Tailoring: encoding inductive biases by optimizing unsupervised objectives at prediction time

From CNNs to attention mechanisms, encoding inductive biases into neural networks has been a fruitful source of improvement in machine learning. Auxiliary losses are a general way of encoding biases in order to help networks learn better representations by adding extra terms to the loss function. However, since they are minimized on the training data, they suffer from the same generalization gap as regular task losses. Moreover, by changing the loss function, the network is optimizing a different objective than the one we care about. In this work we solve both problems: first, we take inspiration from \textit{transductive learning} and note that, after receiving an input but before making a prediction, we can fine-tune our models on any unsupervised objective. We call this process tailoring, because we customize the model to each input.
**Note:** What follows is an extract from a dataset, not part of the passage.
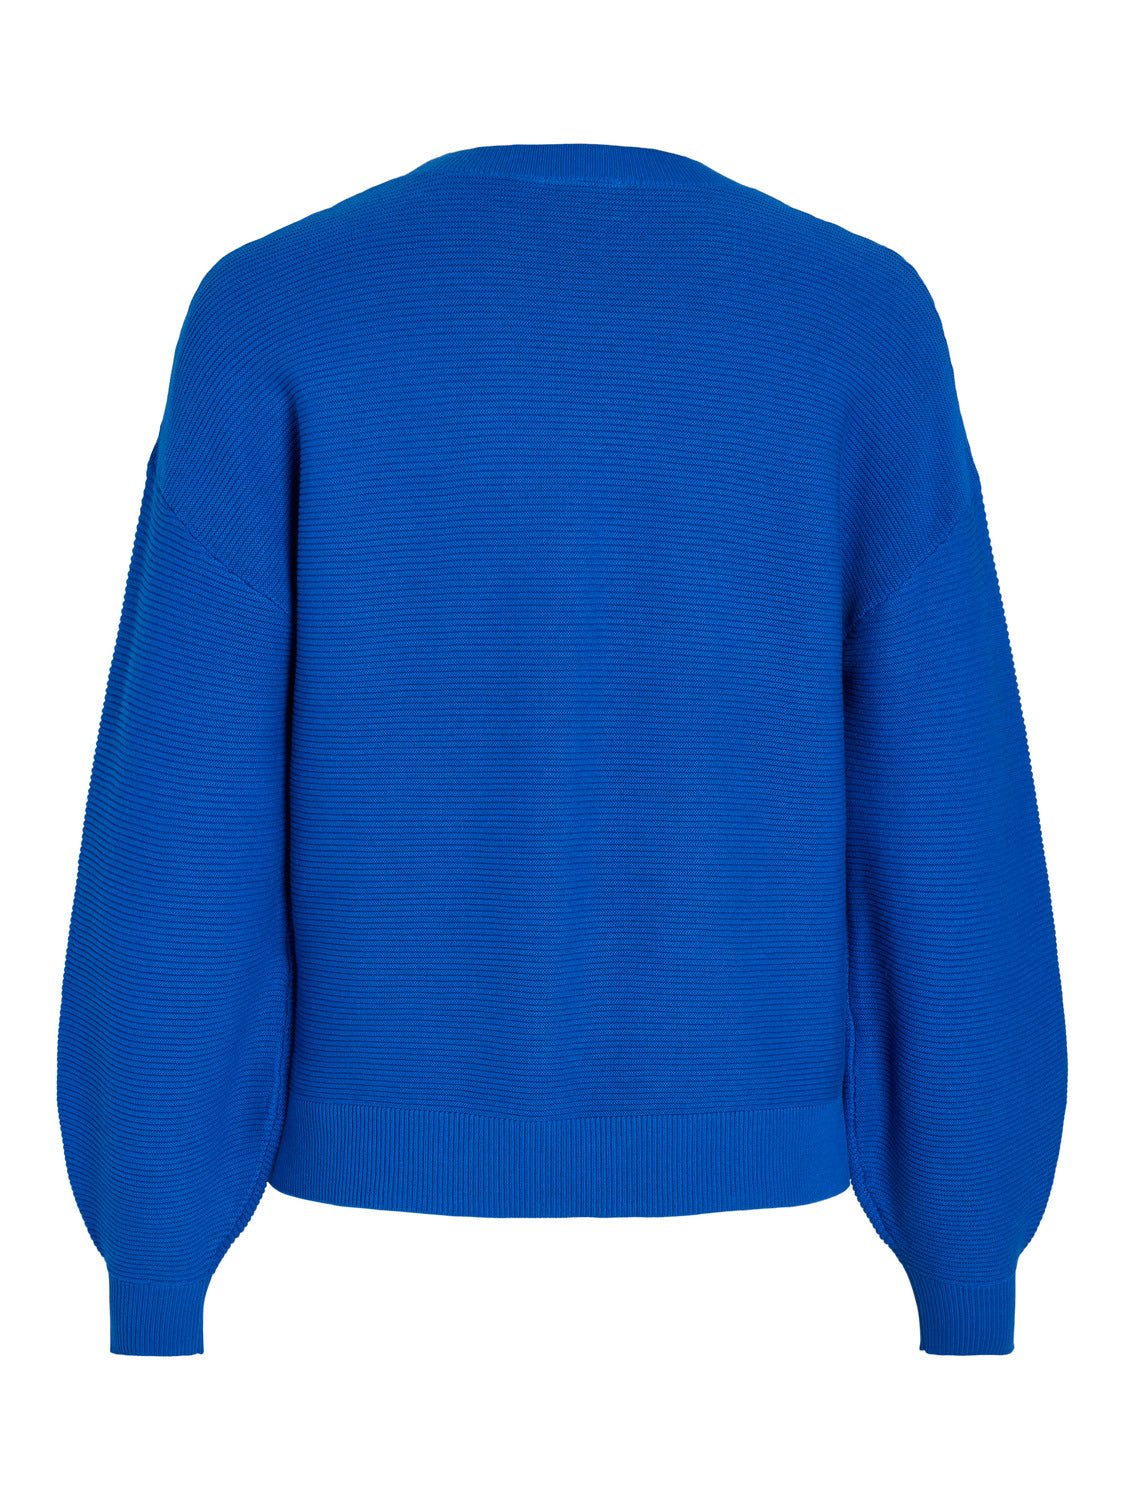 VISTACY Pullover - Lapis Blue

Second, we formulate a nested optimization (similar to those in meta-learning) and train our models to perform well on the task loss after adapting to the tailoring loss. The advantages of tailoring and meta-tailoring are discussed theoretically and demonstrated empirically on several diverse examples: encoding inductive conservation laws from physics to improve predictions, improving local smoothness to increase robustness to adversarial examples, and using contrastive losses on the query image to improve generalization.